_ABOUT THIS TASK:_
What you return must be every line from the beginning of the data through the line holding "Lighting - Pendant", unchanged.

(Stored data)
============

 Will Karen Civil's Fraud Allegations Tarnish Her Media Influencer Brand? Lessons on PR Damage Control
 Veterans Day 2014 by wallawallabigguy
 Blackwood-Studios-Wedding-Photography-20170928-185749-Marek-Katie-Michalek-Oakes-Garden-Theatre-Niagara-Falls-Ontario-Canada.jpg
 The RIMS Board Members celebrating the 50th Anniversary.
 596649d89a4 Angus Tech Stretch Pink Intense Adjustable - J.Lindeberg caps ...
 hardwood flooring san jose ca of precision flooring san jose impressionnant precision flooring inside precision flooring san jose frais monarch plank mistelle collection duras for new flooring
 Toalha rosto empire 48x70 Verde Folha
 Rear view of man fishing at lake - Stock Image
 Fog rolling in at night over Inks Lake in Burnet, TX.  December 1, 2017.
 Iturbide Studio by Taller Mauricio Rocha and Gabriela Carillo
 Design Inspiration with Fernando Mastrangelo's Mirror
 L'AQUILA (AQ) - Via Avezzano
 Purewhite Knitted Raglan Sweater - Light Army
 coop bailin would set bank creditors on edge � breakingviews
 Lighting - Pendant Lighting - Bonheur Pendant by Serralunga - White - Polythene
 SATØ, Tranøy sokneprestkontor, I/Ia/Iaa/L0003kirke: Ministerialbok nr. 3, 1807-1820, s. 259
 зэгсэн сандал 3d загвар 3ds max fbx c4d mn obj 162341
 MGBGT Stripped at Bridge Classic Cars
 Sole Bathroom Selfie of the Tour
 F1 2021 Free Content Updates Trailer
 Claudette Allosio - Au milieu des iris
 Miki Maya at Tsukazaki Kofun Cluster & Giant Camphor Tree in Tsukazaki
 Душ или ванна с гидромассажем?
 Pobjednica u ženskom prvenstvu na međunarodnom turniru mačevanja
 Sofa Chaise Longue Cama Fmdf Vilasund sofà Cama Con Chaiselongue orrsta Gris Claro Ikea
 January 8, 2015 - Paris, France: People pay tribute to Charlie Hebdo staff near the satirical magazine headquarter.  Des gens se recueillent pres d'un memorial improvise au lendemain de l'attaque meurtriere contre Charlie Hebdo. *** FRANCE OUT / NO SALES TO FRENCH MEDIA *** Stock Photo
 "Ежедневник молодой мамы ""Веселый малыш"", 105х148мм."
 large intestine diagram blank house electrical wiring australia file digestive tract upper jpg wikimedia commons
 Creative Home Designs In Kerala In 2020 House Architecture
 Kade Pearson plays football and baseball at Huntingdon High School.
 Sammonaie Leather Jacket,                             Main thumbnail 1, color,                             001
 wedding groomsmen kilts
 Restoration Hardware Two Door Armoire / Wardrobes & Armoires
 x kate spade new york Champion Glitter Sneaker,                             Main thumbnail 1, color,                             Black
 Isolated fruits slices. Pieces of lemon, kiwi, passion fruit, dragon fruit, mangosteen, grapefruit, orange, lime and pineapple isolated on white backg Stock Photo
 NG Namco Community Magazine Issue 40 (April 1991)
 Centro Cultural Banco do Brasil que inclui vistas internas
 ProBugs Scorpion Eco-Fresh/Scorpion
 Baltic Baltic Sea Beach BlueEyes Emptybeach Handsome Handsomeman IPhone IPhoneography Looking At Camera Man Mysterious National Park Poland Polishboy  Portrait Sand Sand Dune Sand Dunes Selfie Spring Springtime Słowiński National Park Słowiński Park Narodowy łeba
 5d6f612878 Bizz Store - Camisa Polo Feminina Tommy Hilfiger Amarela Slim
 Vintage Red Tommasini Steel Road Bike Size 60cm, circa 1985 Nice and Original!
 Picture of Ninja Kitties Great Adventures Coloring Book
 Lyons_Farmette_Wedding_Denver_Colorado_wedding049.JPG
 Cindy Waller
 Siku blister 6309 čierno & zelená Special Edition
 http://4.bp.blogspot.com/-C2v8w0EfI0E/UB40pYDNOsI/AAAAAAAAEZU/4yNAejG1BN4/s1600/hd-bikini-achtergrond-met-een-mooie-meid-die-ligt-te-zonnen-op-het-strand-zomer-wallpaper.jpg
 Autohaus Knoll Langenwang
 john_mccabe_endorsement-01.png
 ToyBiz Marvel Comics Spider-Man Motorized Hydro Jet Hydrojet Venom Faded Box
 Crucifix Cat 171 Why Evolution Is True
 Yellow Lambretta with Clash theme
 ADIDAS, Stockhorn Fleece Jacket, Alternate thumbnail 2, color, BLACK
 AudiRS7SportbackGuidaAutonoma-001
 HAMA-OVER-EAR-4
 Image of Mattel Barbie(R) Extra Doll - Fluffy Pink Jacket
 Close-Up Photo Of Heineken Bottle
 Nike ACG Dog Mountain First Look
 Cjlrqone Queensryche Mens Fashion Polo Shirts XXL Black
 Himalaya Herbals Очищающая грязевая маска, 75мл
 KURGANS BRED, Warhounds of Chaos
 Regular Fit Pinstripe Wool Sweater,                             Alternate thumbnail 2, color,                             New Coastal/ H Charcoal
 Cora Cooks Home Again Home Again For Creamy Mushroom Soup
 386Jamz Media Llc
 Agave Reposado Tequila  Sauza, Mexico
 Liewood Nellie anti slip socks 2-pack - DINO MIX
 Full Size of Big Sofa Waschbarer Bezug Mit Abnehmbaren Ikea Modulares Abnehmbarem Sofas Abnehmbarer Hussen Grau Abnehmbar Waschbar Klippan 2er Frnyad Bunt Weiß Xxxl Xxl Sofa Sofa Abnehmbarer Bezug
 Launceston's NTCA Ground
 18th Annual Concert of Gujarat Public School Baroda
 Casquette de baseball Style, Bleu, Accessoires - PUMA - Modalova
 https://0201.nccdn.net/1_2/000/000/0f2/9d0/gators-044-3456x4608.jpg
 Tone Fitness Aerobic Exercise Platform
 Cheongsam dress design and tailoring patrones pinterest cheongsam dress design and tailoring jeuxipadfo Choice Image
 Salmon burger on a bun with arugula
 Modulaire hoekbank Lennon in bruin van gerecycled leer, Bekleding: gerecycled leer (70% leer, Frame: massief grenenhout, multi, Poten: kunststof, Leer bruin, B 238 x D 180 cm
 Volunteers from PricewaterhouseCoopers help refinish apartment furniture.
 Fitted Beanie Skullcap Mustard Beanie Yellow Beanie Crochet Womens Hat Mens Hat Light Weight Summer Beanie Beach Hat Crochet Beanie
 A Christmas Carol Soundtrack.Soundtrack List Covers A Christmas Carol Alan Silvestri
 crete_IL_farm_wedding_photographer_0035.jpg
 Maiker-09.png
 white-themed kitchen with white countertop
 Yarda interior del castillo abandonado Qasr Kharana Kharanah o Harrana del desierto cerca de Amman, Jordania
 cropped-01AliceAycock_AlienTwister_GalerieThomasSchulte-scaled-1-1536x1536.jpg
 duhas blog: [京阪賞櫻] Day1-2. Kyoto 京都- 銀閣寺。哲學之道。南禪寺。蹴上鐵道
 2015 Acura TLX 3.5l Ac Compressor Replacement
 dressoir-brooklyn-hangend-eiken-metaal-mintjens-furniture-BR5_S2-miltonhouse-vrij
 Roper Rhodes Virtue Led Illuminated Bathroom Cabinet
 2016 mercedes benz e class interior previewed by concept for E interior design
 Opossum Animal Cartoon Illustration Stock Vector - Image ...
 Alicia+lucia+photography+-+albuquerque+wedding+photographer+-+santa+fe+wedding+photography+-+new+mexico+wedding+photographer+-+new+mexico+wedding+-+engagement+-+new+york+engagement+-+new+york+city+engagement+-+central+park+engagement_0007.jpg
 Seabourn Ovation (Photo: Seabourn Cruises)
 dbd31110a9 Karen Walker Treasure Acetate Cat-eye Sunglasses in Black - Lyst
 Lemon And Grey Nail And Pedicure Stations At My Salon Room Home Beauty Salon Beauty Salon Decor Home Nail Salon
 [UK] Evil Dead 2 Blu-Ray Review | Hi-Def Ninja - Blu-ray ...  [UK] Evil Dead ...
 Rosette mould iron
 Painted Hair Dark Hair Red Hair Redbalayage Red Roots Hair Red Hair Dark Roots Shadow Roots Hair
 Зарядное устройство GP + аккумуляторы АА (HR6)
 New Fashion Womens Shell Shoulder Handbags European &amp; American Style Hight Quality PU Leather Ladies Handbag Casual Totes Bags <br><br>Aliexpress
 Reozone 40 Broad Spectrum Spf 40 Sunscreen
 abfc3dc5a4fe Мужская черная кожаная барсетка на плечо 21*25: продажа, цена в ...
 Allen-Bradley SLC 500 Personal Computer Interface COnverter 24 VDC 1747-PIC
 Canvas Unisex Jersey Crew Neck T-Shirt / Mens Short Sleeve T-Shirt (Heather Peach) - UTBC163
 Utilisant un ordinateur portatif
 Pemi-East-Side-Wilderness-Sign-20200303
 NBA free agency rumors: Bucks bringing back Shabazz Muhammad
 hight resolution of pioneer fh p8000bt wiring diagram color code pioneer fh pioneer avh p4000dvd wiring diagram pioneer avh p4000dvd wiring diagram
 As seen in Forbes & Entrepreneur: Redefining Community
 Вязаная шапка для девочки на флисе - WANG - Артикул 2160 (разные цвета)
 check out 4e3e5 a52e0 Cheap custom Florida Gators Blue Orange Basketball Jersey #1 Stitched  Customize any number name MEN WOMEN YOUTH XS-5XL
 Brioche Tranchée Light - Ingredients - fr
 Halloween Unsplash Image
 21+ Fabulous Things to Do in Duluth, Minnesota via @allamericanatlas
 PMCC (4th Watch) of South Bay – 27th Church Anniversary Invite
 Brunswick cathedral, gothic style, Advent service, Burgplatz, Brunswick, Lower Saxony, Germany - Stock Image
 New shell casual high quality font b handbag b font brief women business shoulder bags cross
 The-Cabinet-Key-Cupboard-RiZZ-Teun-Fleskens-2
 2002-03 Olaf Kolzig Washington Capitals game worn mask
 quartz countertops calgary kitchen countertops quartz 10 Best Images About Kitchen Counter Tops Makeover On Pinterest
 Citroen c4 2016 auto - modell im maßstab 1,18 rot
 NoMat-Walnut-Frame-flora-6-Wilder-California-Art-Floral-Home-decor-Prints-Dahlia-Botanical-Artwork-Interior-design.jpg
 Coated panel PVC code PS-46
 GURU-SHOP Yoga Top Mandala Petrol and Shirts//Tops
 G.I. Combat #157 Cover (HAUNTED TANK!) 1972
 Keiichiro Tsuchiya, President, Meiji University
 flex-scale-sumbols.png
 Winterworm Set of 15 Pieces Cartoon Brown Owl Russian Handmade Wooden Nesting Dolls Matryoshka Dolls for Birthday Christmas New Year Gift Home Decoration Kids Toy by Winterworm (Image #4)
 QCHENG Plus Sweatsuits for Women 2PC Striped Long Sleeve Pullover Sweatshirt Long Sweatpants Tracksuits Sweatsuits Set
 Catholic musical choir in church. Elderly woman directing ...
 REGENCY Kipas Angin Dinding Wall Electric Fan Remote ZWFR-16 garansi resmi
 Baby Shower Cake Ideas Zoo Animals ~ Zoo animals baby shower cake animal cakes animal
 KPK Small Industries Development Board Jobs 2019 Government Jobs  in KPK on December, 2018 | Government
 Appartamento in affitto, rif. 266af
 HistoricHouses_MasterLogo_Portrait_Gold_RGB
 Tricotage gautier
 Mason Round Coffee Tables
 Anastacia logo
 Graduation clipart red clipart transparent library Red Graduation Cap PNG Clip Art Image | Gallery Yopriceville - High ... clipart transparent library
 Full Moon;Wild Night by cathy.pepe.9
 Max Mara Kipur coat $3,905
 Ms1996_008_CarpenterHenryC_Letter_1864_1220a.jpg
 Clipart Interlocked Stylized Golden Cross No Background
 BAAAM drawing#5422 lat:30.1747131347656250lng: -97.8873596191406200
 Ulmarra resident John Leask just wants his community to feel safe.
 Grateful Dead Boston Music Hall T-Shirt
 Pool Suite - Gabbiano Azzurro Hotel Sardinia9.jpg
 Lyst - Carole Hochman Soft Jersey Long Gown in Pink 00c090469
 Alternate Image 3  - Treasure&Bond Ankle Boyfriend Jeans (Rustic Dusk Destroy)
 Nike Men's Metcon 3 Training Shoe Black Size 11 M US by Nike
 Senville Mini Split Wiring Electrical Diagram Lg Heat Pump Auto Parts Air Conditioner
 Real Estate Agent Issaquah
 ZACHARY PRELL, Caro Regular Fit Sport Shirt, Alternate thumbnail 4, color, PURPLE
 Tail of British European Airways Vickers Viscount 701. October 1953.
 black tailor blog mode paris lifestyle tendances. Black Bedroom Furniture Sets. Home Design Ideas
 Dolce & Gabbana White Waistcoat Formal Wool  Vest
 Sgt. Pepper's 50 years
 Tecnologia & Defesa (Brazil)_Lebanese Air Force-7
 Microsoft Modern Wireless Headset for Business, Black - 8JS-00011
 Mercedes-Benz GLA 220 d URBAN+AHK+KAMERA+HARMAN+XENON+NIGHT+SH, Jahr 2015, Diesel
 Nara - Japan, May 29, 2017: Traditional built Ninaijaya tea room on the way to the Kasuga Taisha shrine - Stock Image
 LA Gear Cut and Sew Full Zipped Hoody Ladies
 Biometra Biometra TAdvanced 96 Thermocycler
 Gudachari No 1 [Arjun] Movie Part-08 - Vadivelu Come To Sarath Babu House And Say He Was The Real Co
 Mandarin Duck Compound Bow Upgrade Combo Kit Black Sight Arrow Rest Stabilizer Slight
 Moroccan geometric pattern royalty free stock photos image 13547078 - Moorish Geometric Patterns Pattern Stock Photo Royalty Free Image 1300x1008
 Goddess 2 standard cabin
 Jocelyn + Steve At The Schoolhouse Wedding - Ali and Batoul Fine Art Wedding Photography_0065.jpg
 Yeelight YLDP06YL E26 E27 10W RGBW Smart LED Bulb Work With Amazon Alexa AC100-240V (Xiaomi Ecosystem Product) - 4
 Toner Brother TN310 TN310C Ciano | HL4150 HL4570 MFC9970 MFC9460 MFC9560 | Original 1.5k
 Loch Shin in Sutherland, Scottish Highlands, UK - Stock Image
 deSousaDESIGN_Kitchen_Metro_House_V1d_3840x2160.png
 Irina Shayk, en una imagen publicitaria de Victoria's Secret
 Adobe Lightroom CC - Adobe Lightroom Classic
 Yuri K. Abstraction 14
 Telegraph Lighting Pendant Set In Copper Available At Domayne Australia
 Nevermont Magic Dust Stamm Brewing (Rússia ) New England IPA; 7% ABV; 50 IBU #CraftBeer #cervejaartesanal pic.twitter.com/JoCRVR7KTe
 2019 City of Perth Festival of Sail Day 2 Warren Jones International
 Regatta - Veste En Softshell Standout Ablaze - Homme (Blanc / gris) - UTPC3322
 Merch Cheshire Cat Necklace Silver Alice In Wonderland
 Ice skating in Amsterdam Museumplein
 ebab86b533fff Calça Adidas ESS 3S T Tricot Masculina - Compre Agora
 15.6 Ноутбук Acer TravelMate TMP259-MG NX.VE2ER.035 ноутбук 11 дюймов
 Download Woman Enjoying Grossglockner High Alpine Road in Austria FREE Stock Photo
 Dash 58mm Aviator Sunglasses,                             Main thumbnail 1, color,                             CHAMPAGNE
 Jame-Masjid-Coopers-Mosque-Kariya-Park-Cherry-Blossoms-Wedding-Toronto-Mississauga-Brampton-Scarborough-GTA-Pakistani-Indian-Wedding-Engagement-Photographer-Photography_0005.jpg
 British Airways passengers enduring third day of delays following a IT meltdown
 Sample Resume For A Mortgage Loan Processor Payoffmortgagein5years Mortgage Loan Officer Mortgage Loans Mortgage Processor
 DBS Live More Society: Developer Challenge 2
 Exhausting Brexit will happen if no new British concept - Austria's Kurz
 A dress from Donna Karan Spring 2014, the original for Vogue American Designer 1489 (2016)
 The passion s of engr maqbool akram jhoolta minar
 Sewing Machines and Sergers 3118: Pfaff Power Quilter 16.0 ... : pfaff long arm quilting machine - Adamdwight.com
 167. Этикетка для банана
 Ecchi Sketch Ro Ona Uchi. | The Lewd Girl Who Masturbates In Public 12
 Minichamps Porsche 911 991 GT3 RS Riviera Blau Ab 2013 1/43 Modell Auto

============

_EXERCISE RESULT:_
 Will Karen Civil's Fraud Allegations Tarnish Her Media Influencer Brand? Lessons on PR Damage Control
 Veterans Day 2014 by wallawallabigguy
 Blackwood-Studios-Wedding-Photography-20170928-185749-Marek-Katie-Michalek-Oakes-Garden-Theatre-Niagara-Falls-Ontario-Canada.jpg
 The RIMS Board Members celebrating the 50th Anniversary.
 596649d89a4 Angus Tech Stretch Pink Intense Adjustable - J.Lindeberg caps ...
 hardwood flooring san jose ca of precision flooring san jose impressionnant precision flooring inside precision flooring san jose frais monarch plank mistelle collection duras for new flooring
 Toalha rosto empire 48x70 Verde Folha
 Rear view of man fishing at lake - Stock Image
 Fog rolling in at night over Inks Lake in Burnet, TX.  December 1, 2017.
 Iturbide Studio by Taller Mauricio Rocha and Gabriela Carillo
 Design Inspiration with Fernando Mastrangelo's Mirror
 L'AQUILA (AQ) - Via Avezzano
 Purewhite Knitted Raglan Sweater - Light Army
 coop bailin would set bank creditors on edge � breakingviews
 Lighting - Pendant Lighting - Bonheur Pendant by Serralunga - White - Polythene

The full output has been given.